Could you help me to merge my changes? @ptrblck I was not authorized to push to this repository.

Here is my code:

import torch
import torch.nn as nn
from apex import amp

torch.cuda.set_device(torch.device('cuda:0'))

class Net(nn.Module):
    def __init__(self):
        super(Net, self).__init__()
        self.conv1 = nn.Conv1d(1, 1, 3, padding=1).to('cuda:1')
        self.conv2 = nn.Conv1d(1, 1, 3, padding=1).to('cuda:0')
        self.linear = nn.Linear(3, 1).to('cuda:0')

    def forward(self, x):
        x = self.conv1(x)
        x = self.conv2(x.to('cuda:0'))
        x = x.view(x.shape[0], -1)
        x = self.linear(x)
        return x

net = Net()
optimizer = torch.optim.SGD(net.parameters(), 0.1)
net, optimizer = amp.initialize(net, optimizer, opt_level='O1')
x = torch.rand((64,1,3)).to('cuda:1')
criterion = nn.BCEWithLogitsLoss()
out = net(x)
target = torch.randint(0, 2, (64,)).float().to('cuda:0')
loss = criterion(out.squeeze(), target)
with amp.scale_loss(loss, optimizer) as scaled_loss:
    scaled_loss.backward()

I installed your branch by the command pip install -v --no-cache-dir --global-option="--cpp_ext" --global-option="--cuda_ext" ./. I run this code by the command python temp.py By the way, my python, torch and cuda version is 3.7, 1.4 and 10.1 respectively.

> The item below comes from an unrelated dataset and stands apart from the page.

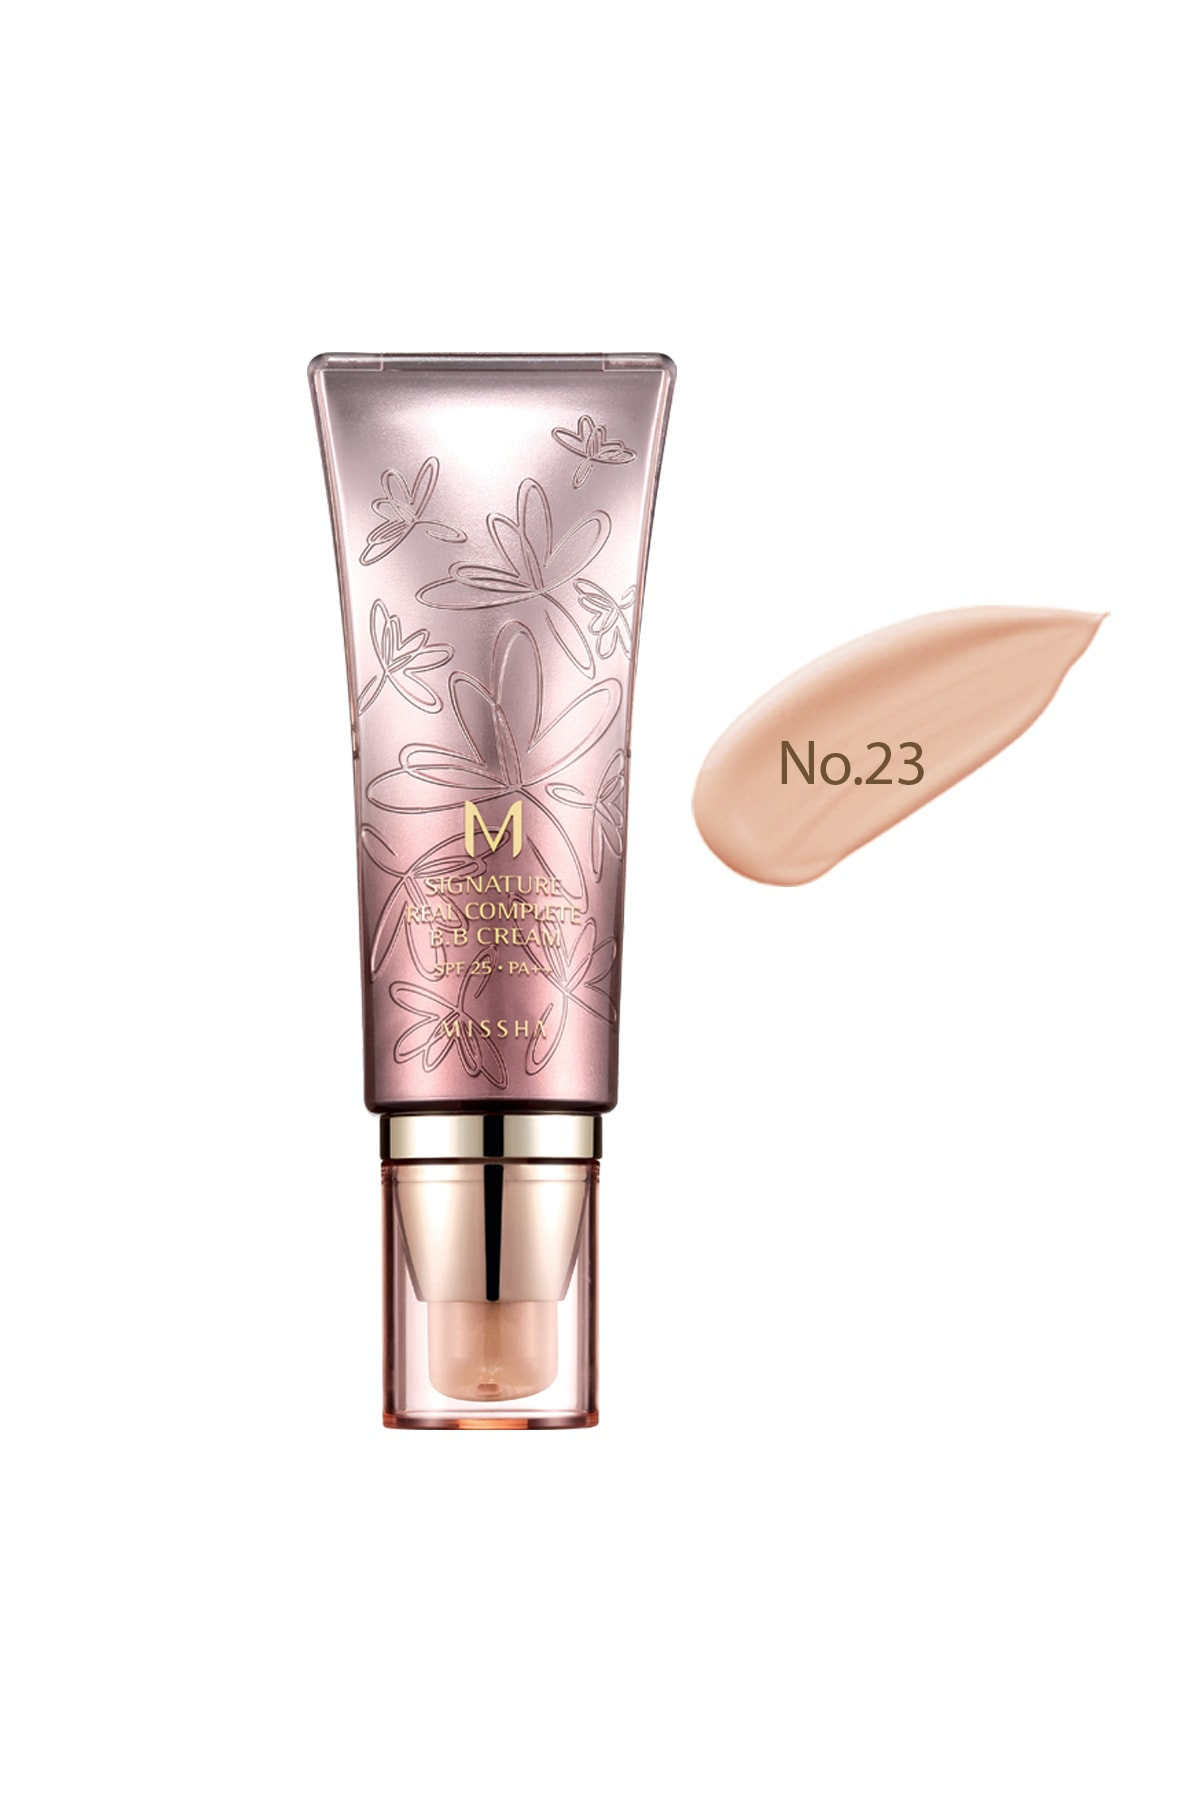 Missha Hassas Ciltler İçin BB Krem SPF25/PA++ Signature Real Complete BB Cream No: 23 (45g)

chengmengli06 commented 4 years ago

I test your code, there are no problem.

GPU: V100 16G python_version: 3.5.4 torch_version: 1.3.0 cuda_version: 10.0 torch.version.cuda: '10.1.243' cudnn version: 7.4.2

outputs:

Selected optimization level O1: Insert automatic casts around Pytorch functions and Tensor methods.

Defaults for this optimization level are: master_weights : None loss_scale : dynamic cast_model_type : None patch_torch_functions : True enabled : True keep_batchnorm_fp32 : None opt_level : O1 Processing user overrides (additional kwargs that are not None)... After processing overrides, optimization options are: master_weights : None loss_scale : dynamic cast_model_type : None patch_torch_functions : True enabled : True keep_batchnorm_fp32 : None opt_level : O1

Aria-K-Alethia commented 4 years ago

@chengmengli06 I don't know, but the problem still exists. Anyway, thank you for your help.

annukkaa commented 4 years ago

I've encountered the same problem, even though I'm training on just one GPU. Works fines with opt_level='O0' but not with any of the other levels

chengmengli06 commented 4 years ago

@teresabucho you can test my branch, which should be ok.

annukkaa commented 4 years ago

@chengmengli06 Yes, seems to work. Thanks

chengmengli06 commented 4 years ago

@ptrblck could my fix be accepted? https://github.com/NVIDIA/apex/pull/689

somedadaism commented 4 years ago

I also encounter the issue. Has there been any progress?